Rio Pasaribu, Gallery Director dan Co-Founder RUCI Art Space mengatakan dukungan MTN Seni Budaya dalam membuka akses galeri Indonesia ke kancah internasional diapresiasi positif.
"Dalam membuka akses galeri Indonesia ke platform internasional seperti Art Central Hong Kong.

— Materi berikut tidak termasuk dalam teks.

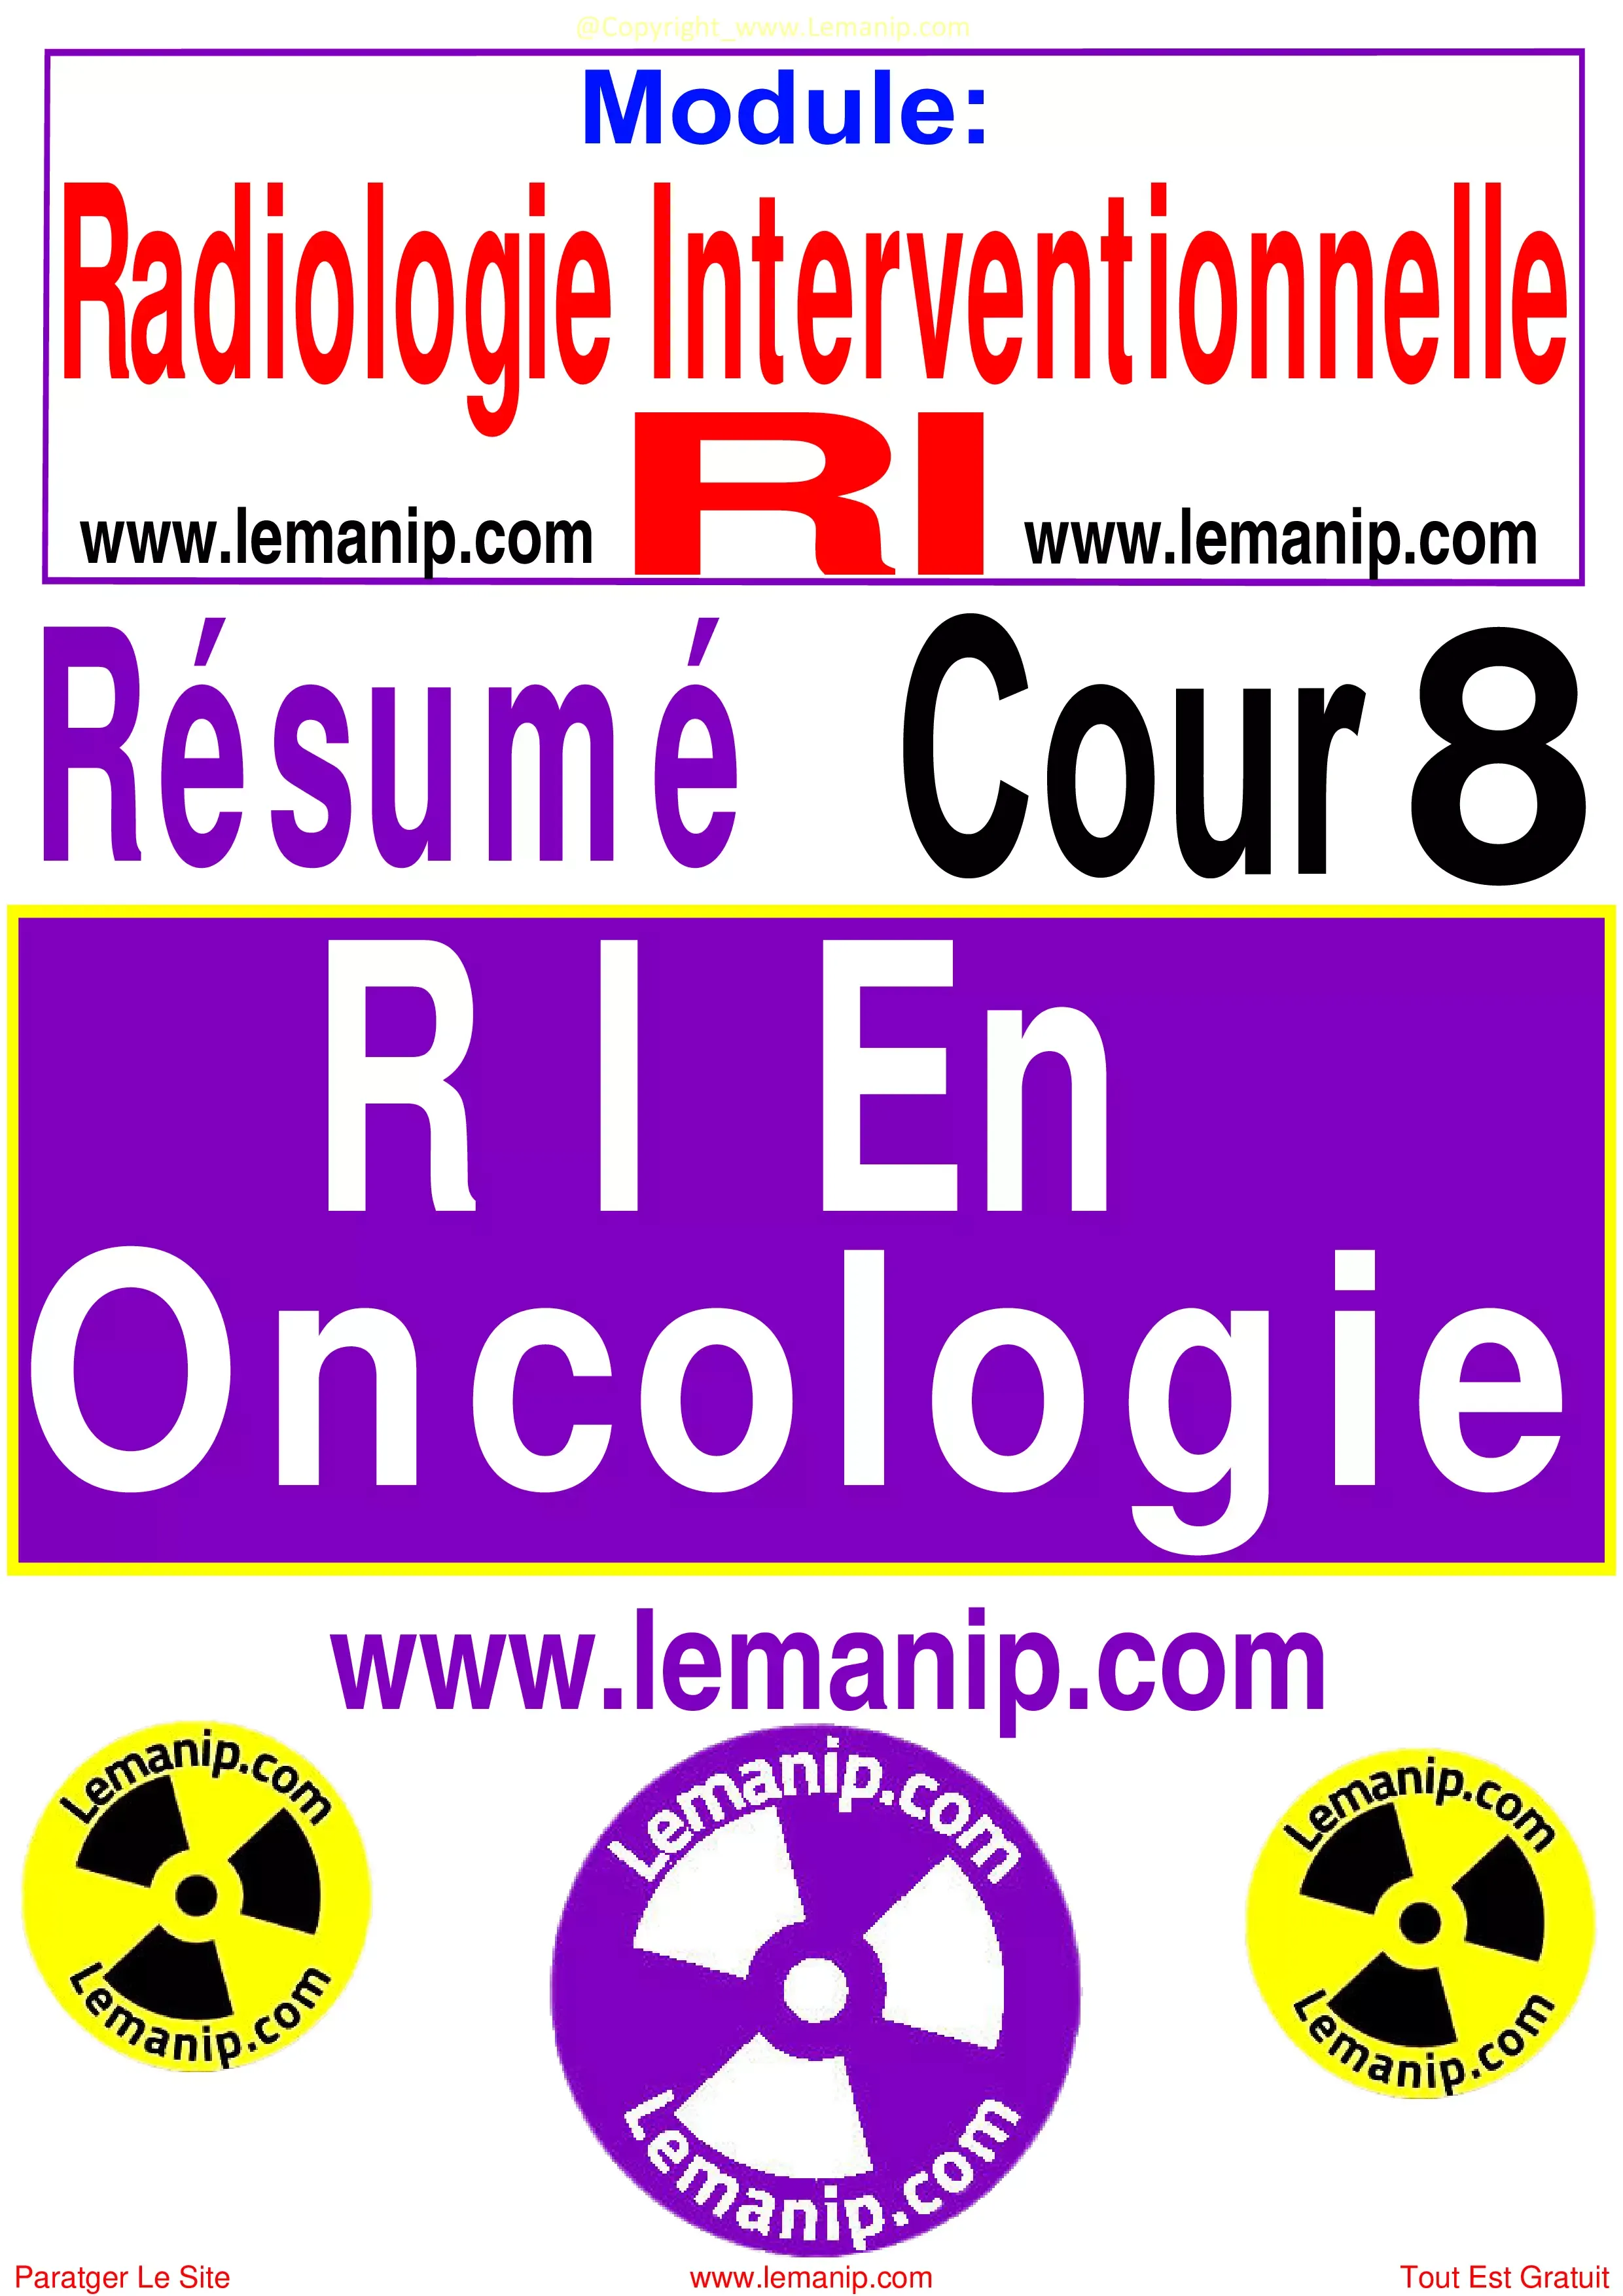 Cour 8 Du Module Radiologie Interventionnelle

Di saat yang sama, peran sektor swasta seperti FedEx Indonesia menjadi sangat krusial, tanpa dukungan logistik yang andal, sirkulasi karya seni di tingkat global tidak akan berjalan optimal," katanya dalam keterangan pers yang diterima detikpop, Kamis (2/4/2026).

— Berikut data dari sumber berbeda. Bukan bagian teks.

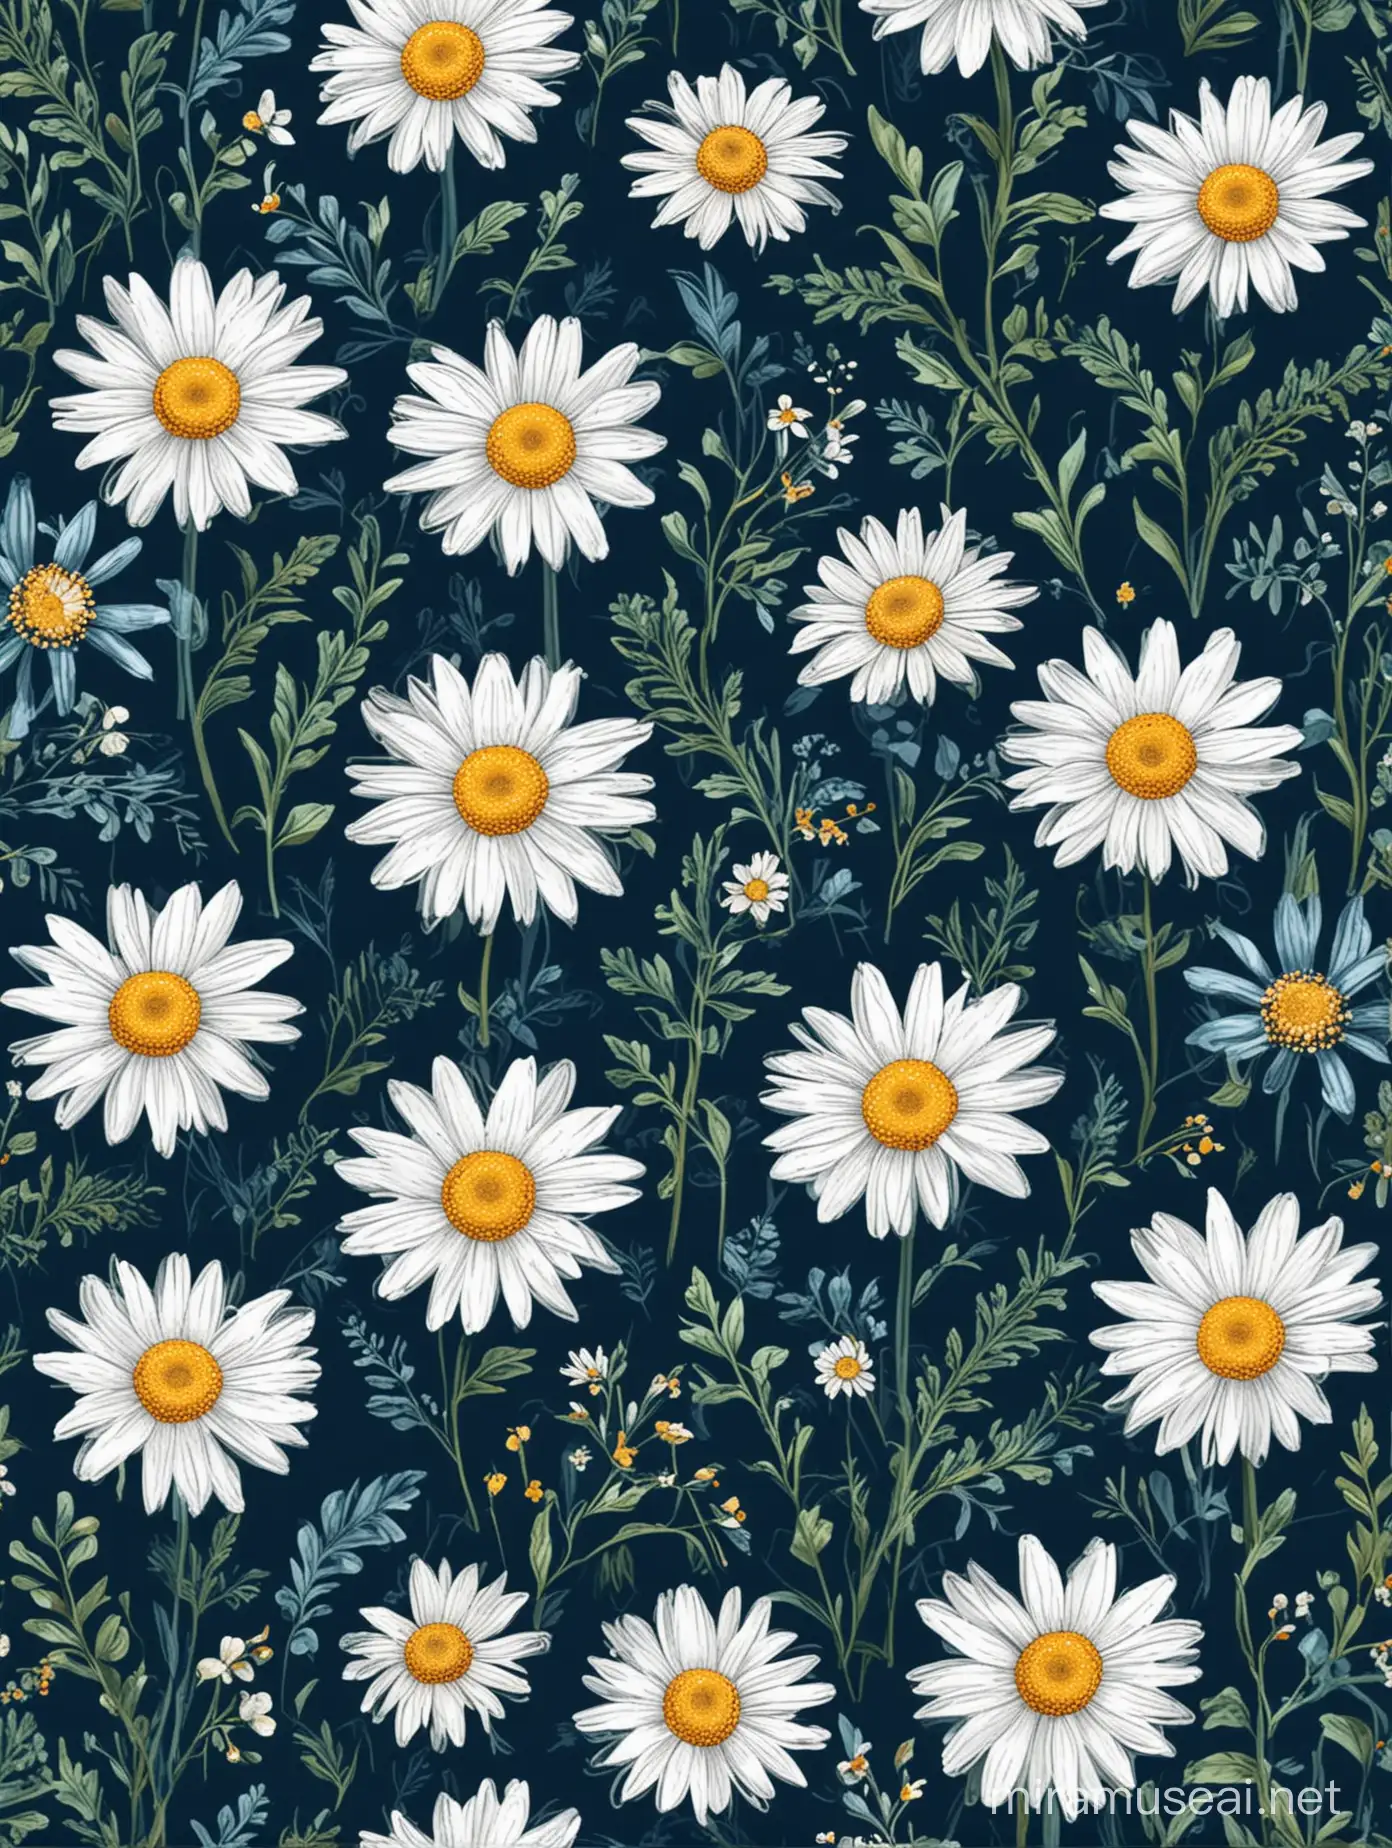 natural daisy blue wild 1 flower botanical seamless pattern vector illustration dark blue background

Menurut keterangan Rio, RUCI Art Space ikut serta jadi bagian dari tahap Rekognisi Internasional dalam kerangka program MTN Seni Budaya.
"Program ini membuka peluang bagi talenta seni rupa Indonesia untuk tampil di panggung global, memperluas jejaring, serta memperkuat posisi Indonesia dalam lanskap seni kontemporer dunia," sambungnya.
Selain presentasi pameran, program ini juga menghadirkan diskusi bertajuk Rising Currents: Indonesian Contemporary Art in Motion, yang membahas perkembangan serta posisi seni kontemporer Indonesia dalam konteks global.
RUCI Art Space memulai perjalanannya melalui pameran perdana di sebuah restoran yang telah ditinggalkan, dan kini berkembang menjadi ruang seni kontemporer dinamis di Jakarta Selatan dengan luas area pameran sekitar 200 meter persegi.
Nama RUCI merefleksikan fleksibilitas, yang mengandung makna sebagai sumber cahaya, rasa, dan kenikmatan, sekaligus mencerminkan misi RUCI sebagai hub bagi industri kreatif yang lebih luas.